Aku
lahir tanggal 3 September 1961. Kata ibuku, ketika aku berumur bulanan,
setiap kali mendengar suara adzan maghrib aku selalu menangis. Aku
nggak tau kenapa sampai sekarang pun aku masih gambang menangis. Biar
begini-begini, aku orangnya lembut dan gampang tersentuh. Sebagai
contoh, menyaksikan berita di televisi yang memberitakan ada orang
sukses lalu medapatkan penghargaan atas prestasinya, aku pun bisa
menangis.
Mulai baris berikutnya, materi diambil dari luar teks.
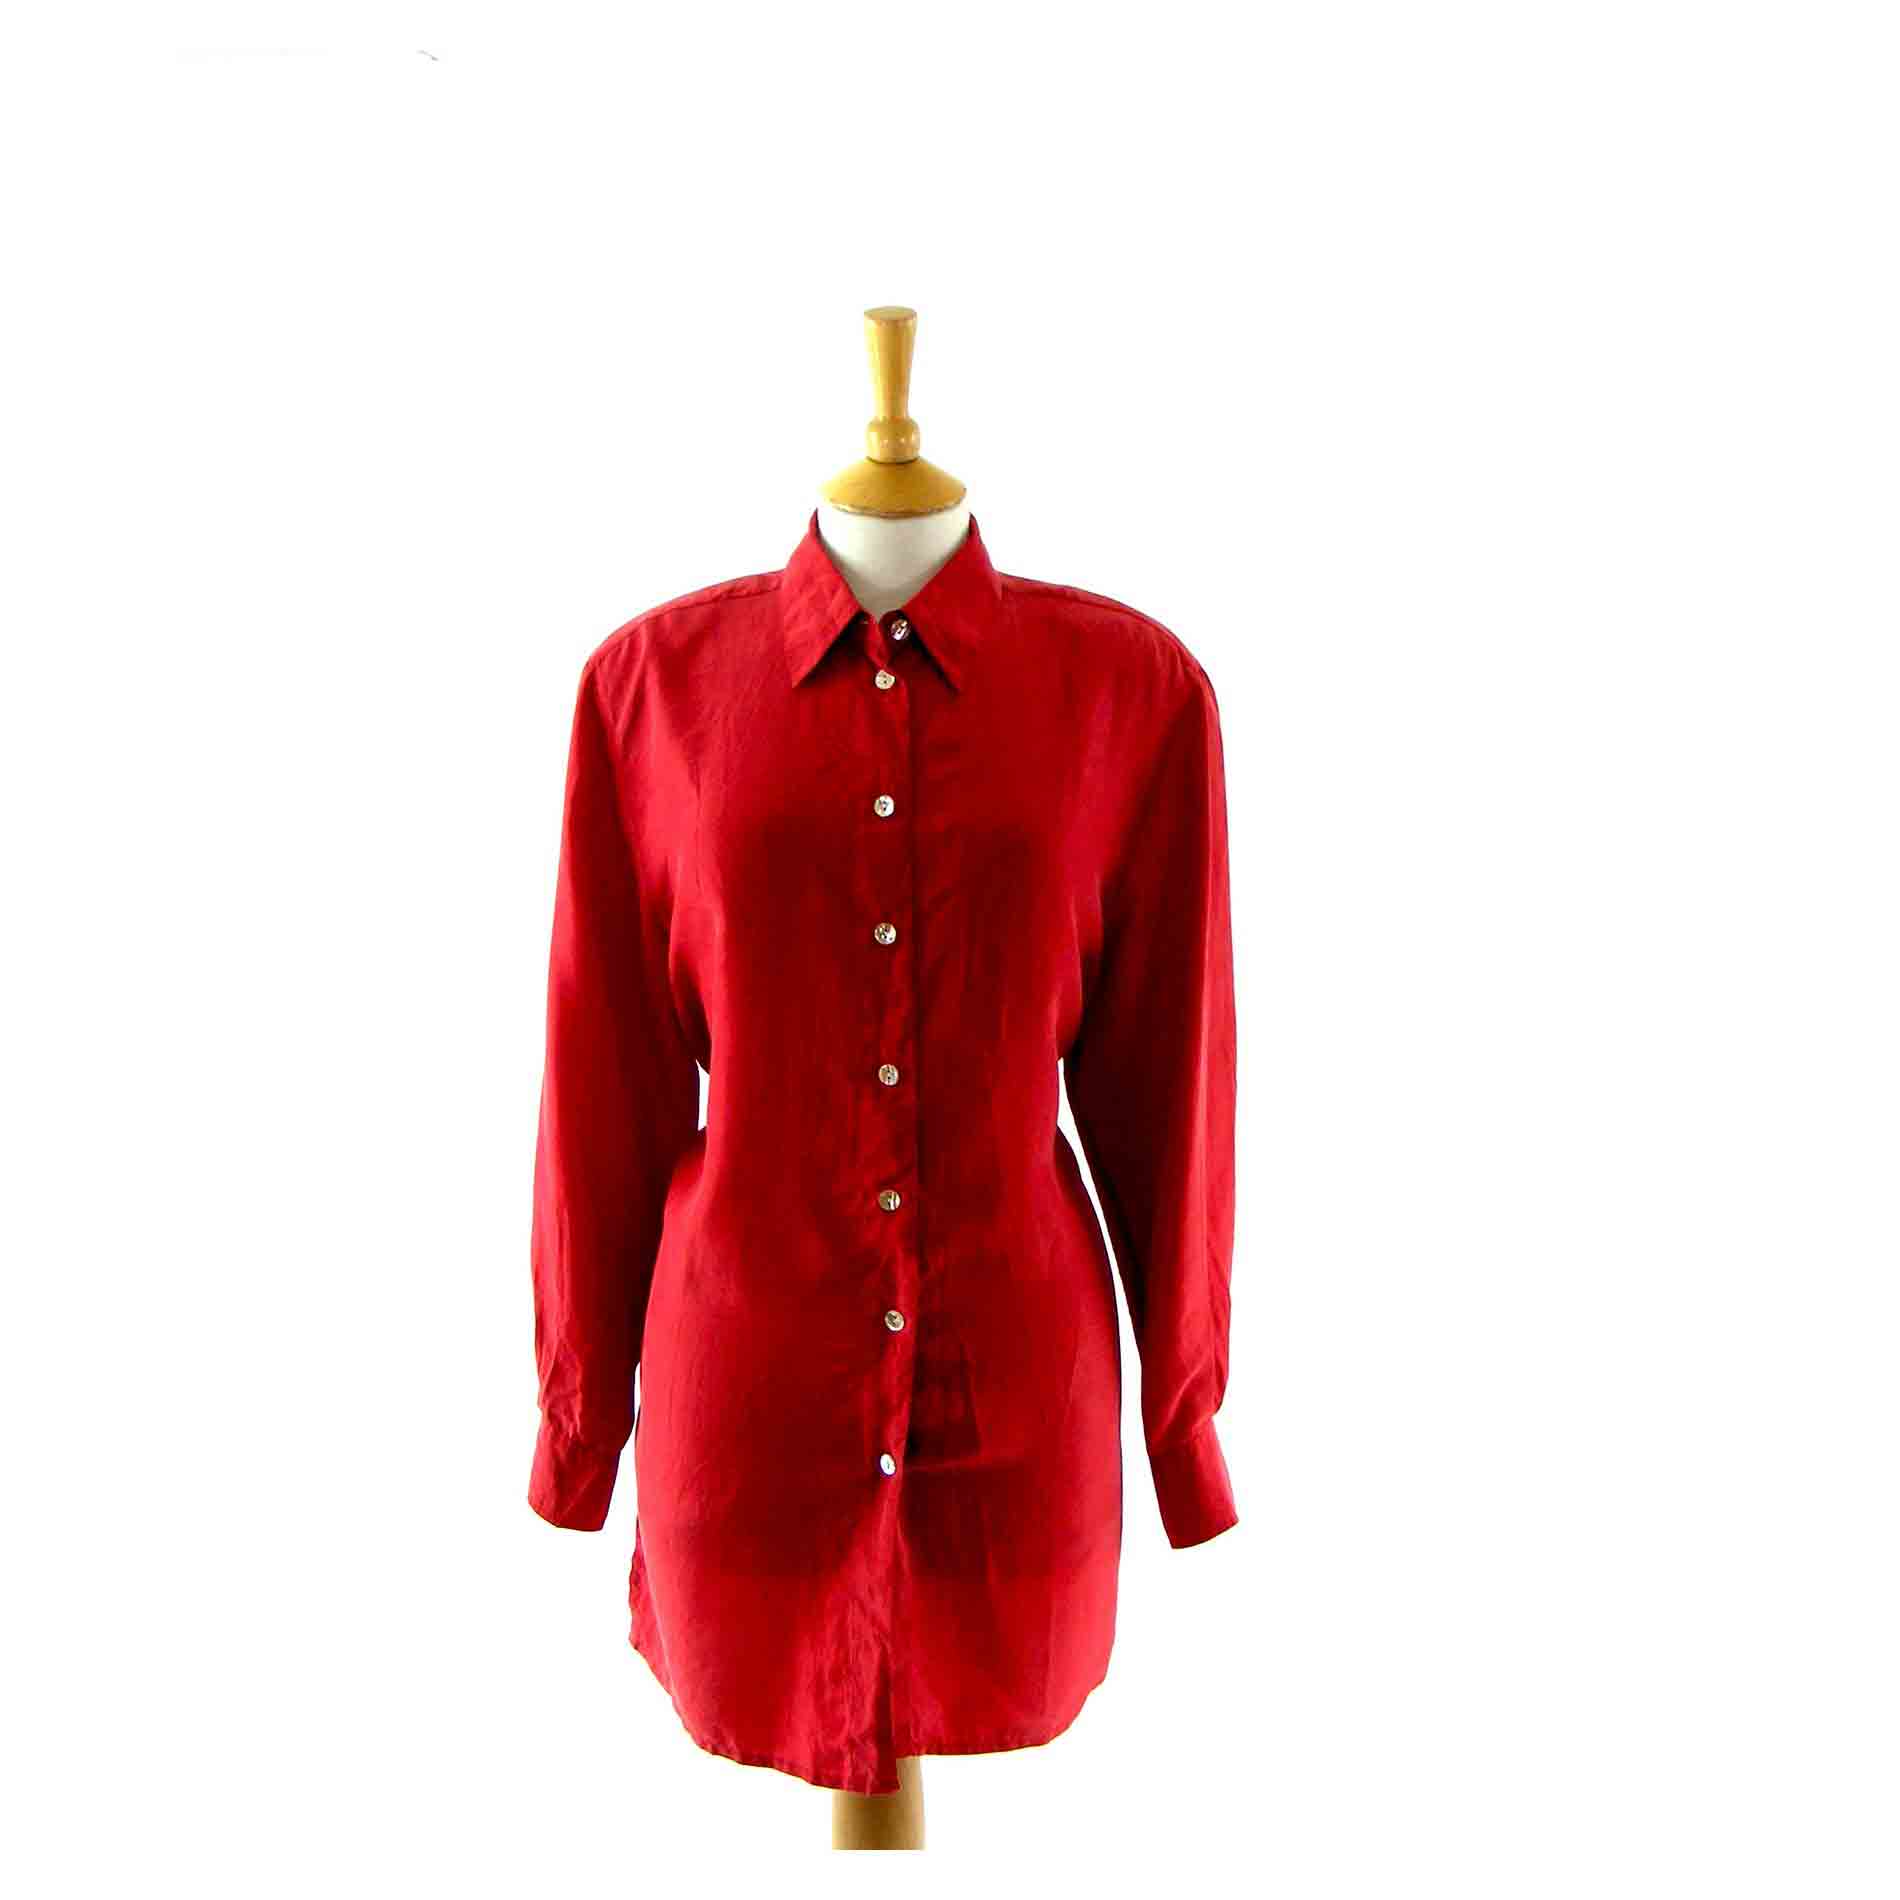 Cherry Red silk blouse - Blue 17 Vintage Clothing

Melihat seorang ibu yang menunjukkan cinta kasihnya pada
anaknya, juga bisa membuat aku tersentuh dan lalu menangis.
Bicara perjalanan karir musikku, dimulai ketika aku aktif ngamen di
Bandung. Aku mulai ngamen ketika berumur 13 tahun. Waktu itu aku masih
SMP. Aku belajar main gitar dari teman-teman nongkrongku. Kalau mereka
main gitar aku suka memperhatikan. Tapi mau nanya malu. Suatu hari aku
nekat memainkan gitar itu. Tapi malah senarnya putus. Aku dimarahi.
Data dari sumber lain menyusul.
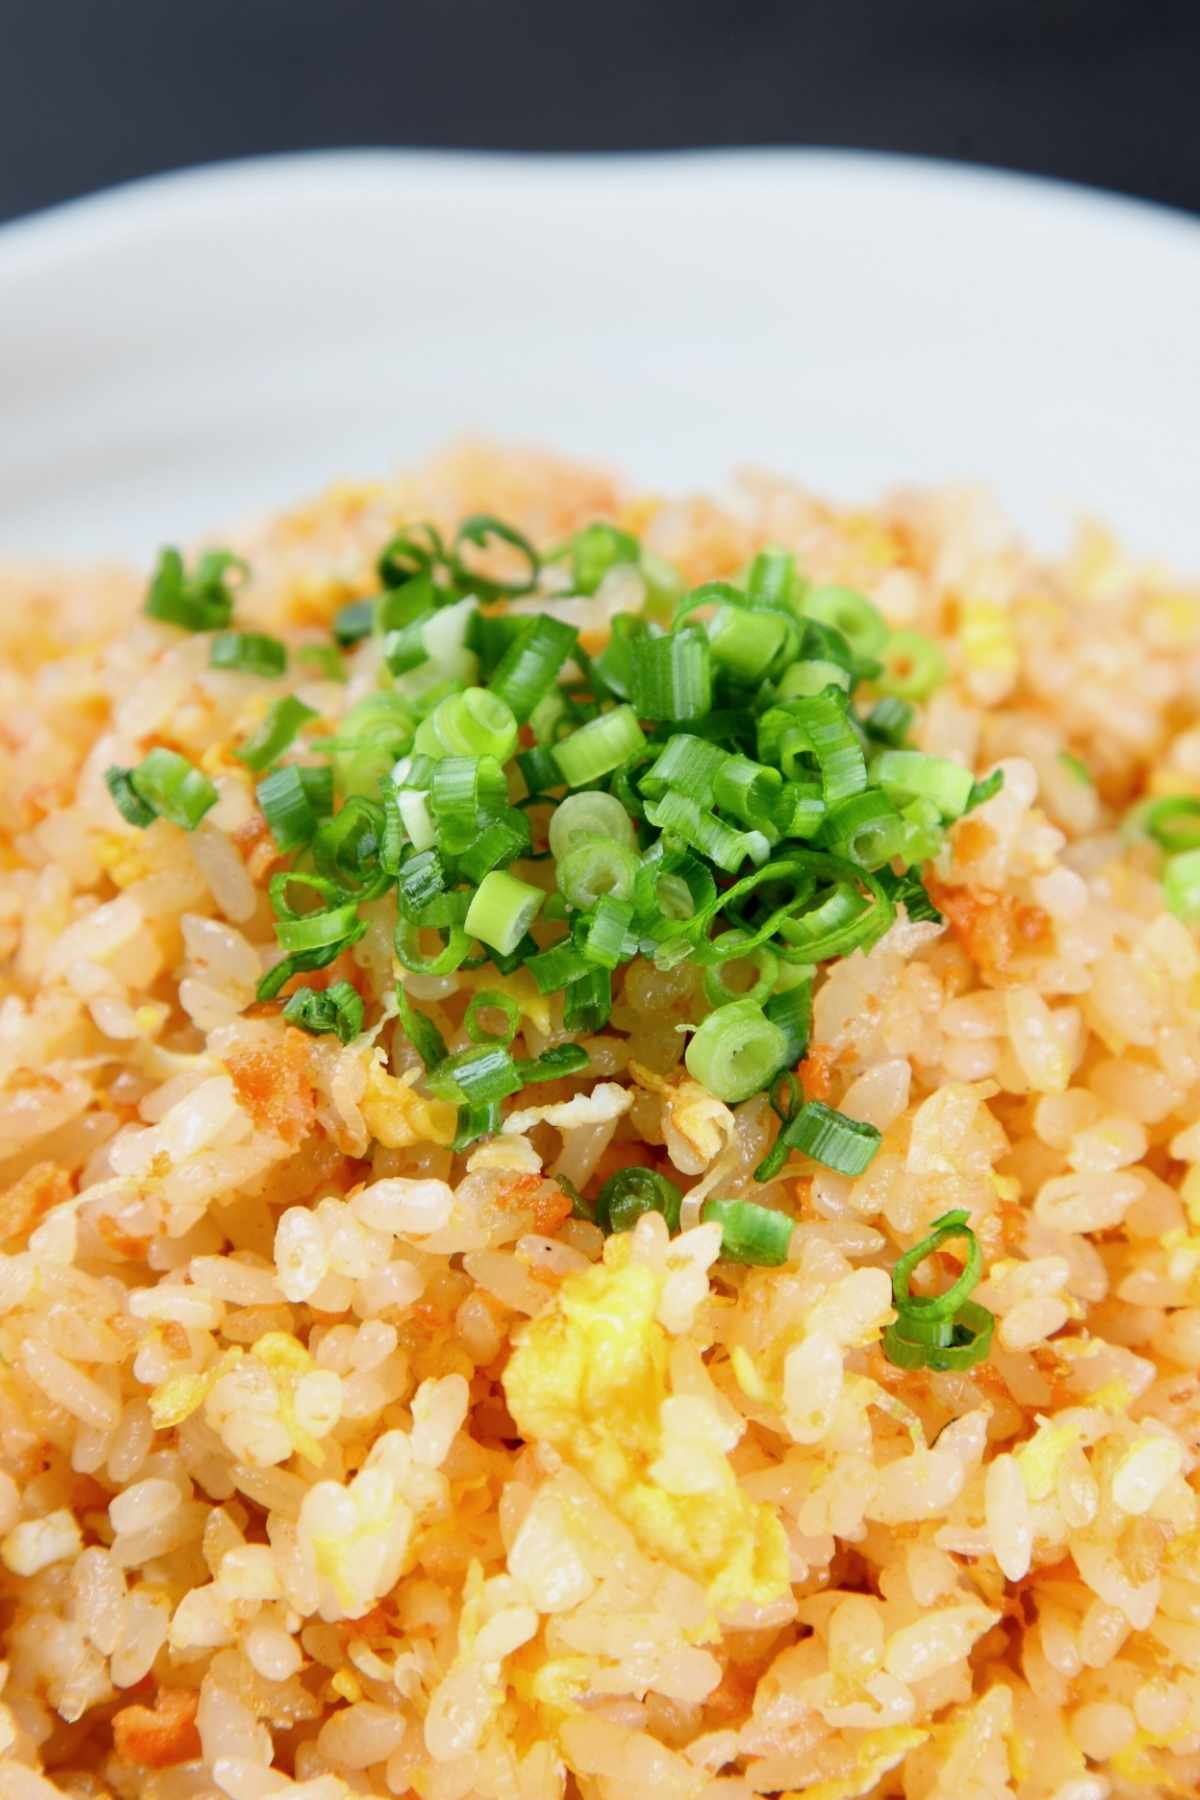 If you’ve ever eaten at a Japanese hibachi restaurant, you know the rice is incredibly tasty. This recipe for Hibachi Fried Rice is equally as good. It has everything you love including eggs, ginger, onions, rice, and seasonings.

Sejak saat itu, gitar seperti terekam kuat dalam ingatanku. Kejadian itu begitu membekas dalam ingatanku.
Dulu aku pernah sekolah di Jeddah, Arab Saudi, di KBRI selama 8 bulan.
Kebetulan di sana ada saudara orang tuaku yang nggak punya anak. Karena
tinggal di negeri orang, aku merasakan sangat membutuhkan hiburan.
Hiburan satu-satunya bagiku adalah gitar yang kubawa dari Indonesia.
Saat itu ada dua lagu yang selalu aku mainkan, yaitu Sepasang Mata Bola
dan Waiya.
Waktu pulang dari Jeddah pas musim Haji. Kalau di pesawat orang-orang
pada bawa air zam-zam, aku cuma menenteng gitar kesayanganku. Dalam
perjalanan dalam pesawat dari Jeddah ke Indonesia, pengetahuan gitarku
bertambah. Melihat ada anak kecil bawa gitar di pesawat, membuat seorang
pramugari heran. Pramugari itu lalu menghampiriku dan meminjam gitarku.
Tapi begitu baru akan memainkan, pramugari itu heran. Soalnya suara
gitarku fals. "Kok kayak gini steman-nya?" tanyanya. Waktu itu, meski
sudah bisa sedikit-sedikit aku memang belum bisa nyetem gitar. Setelah
membetulkan gitarku, pramugari itu lalu mengajariku memainkan lagu
Blowing in the Wind-nya Bob Dylan.
Waktu
sekolah di SMP 5 Bandung aku juga punya pengalaman menarik dengan
gitar. Suatu ketika, seorang guruku menanyakan apakah ada yang bisa
memainkan gitar. Meski belum begitu pintar, tapi karena ada anak
perempuan yang jago memainkan gitar, aku menawarkan diri. "Gengsi dong,"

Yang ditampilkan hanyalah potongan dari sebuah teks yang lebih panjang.